"Earth Song" is a song by the American singer Michael Jackson for his ninth studio album, HIStory: Past, Present and Future, Book I (1995). It was written by Jackson and produced by Jackson, David Foster and Bill Bottrell. Epic Records released on November 7, 1995, as the album's third single.

"Earth Song" is a ballad that incorporates elements of blues, gospel and opera. Though Jackson had previously released socially conscious songs such as "We Are the World", "Man in the Mirror" and "Heal the World", "Earth Song" was his first to overtly discuss the environment and animal welfare. It was accompanied by a lavish music video which was shot in four geographical regions, centered on the destruction and rebirth of Earth, and went on to receive a Grammy nomination in 1997. 

"Earth Song" reached number one in the UK, where it was the 1995 Christmas number one. It also topped the charts in Germany, Iceland, Scotland, Spain, Sweden, and Switzerland while peaking at number two in France, Ireland, and the Netherlands. Jackson received recognition from various animal and environmental organizations.

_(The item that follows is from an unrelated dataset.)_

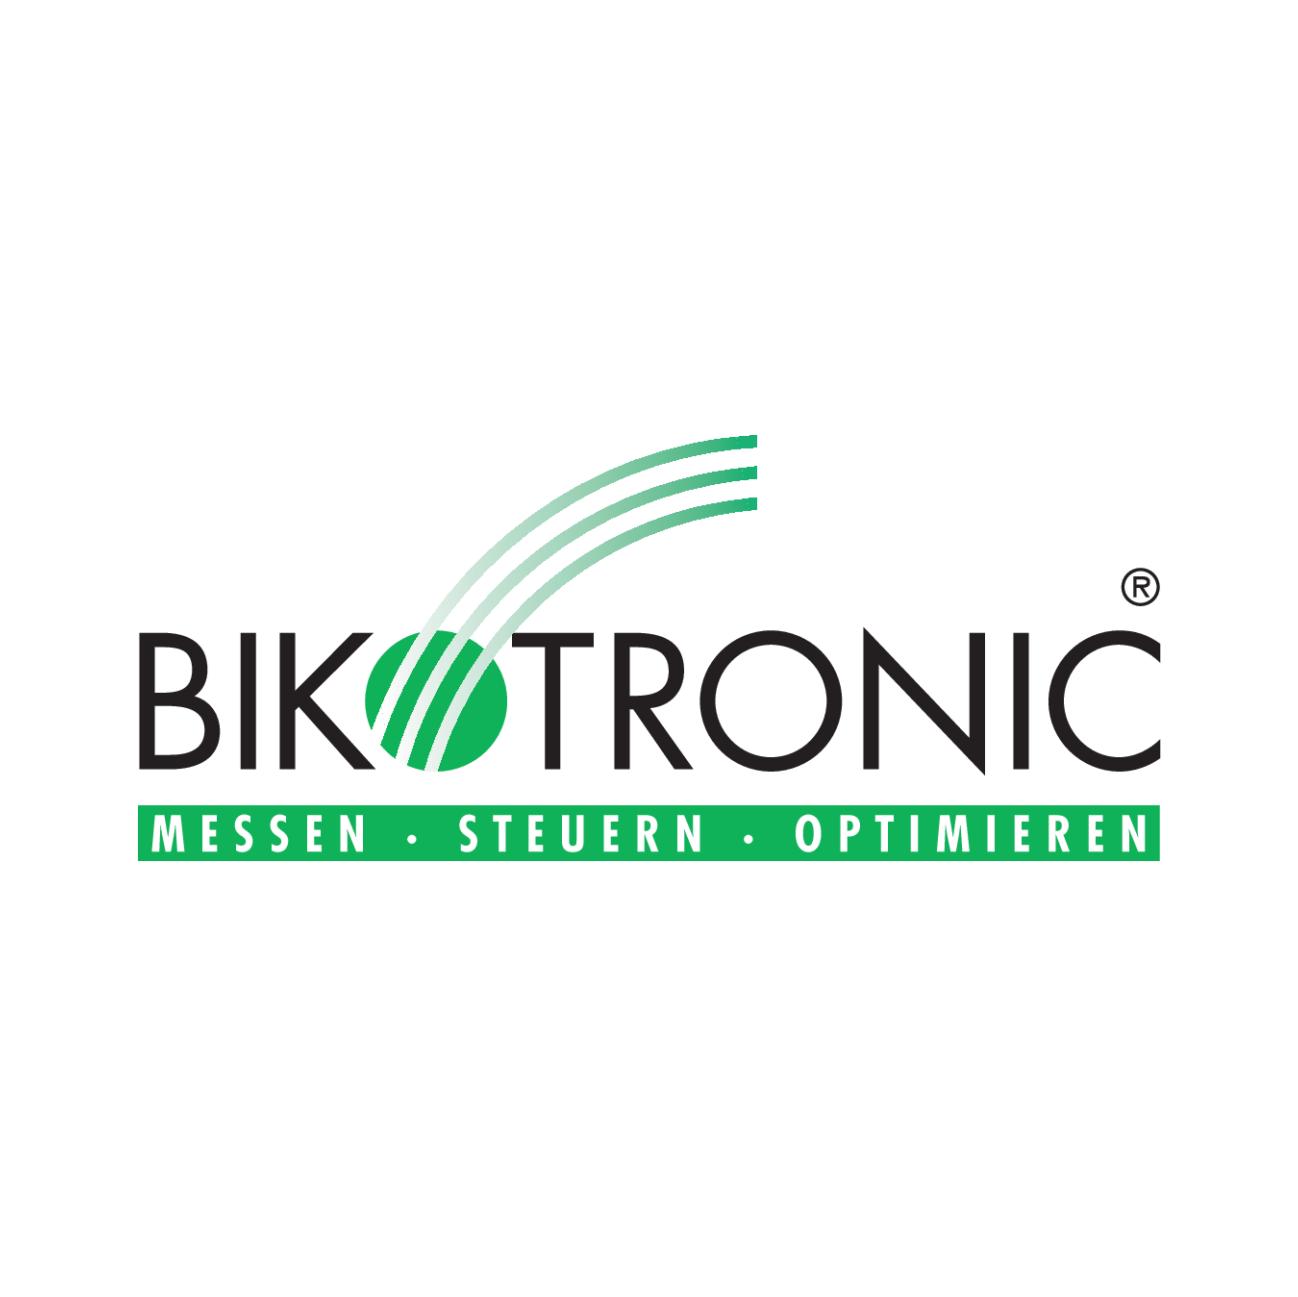 Công ty Bikotronic

In 2011, the song was paired with the poem "Planet Earth" (previously released on Michael Jackson's This Is It, in 2009) and released as a song in the remix album Immortal.

Production
Jackson wrote "Earth Song" in an Austrian Hotel during the Bad World Tour under the working title "What About Us", allegedly on June 1st, 1988 at the Vienna Marriott. Jackson wanted to create a song that was lyrically deep, with an emotional message, but was melodically simple, so the whole world, particularly non-English-speaking fans, could sing along.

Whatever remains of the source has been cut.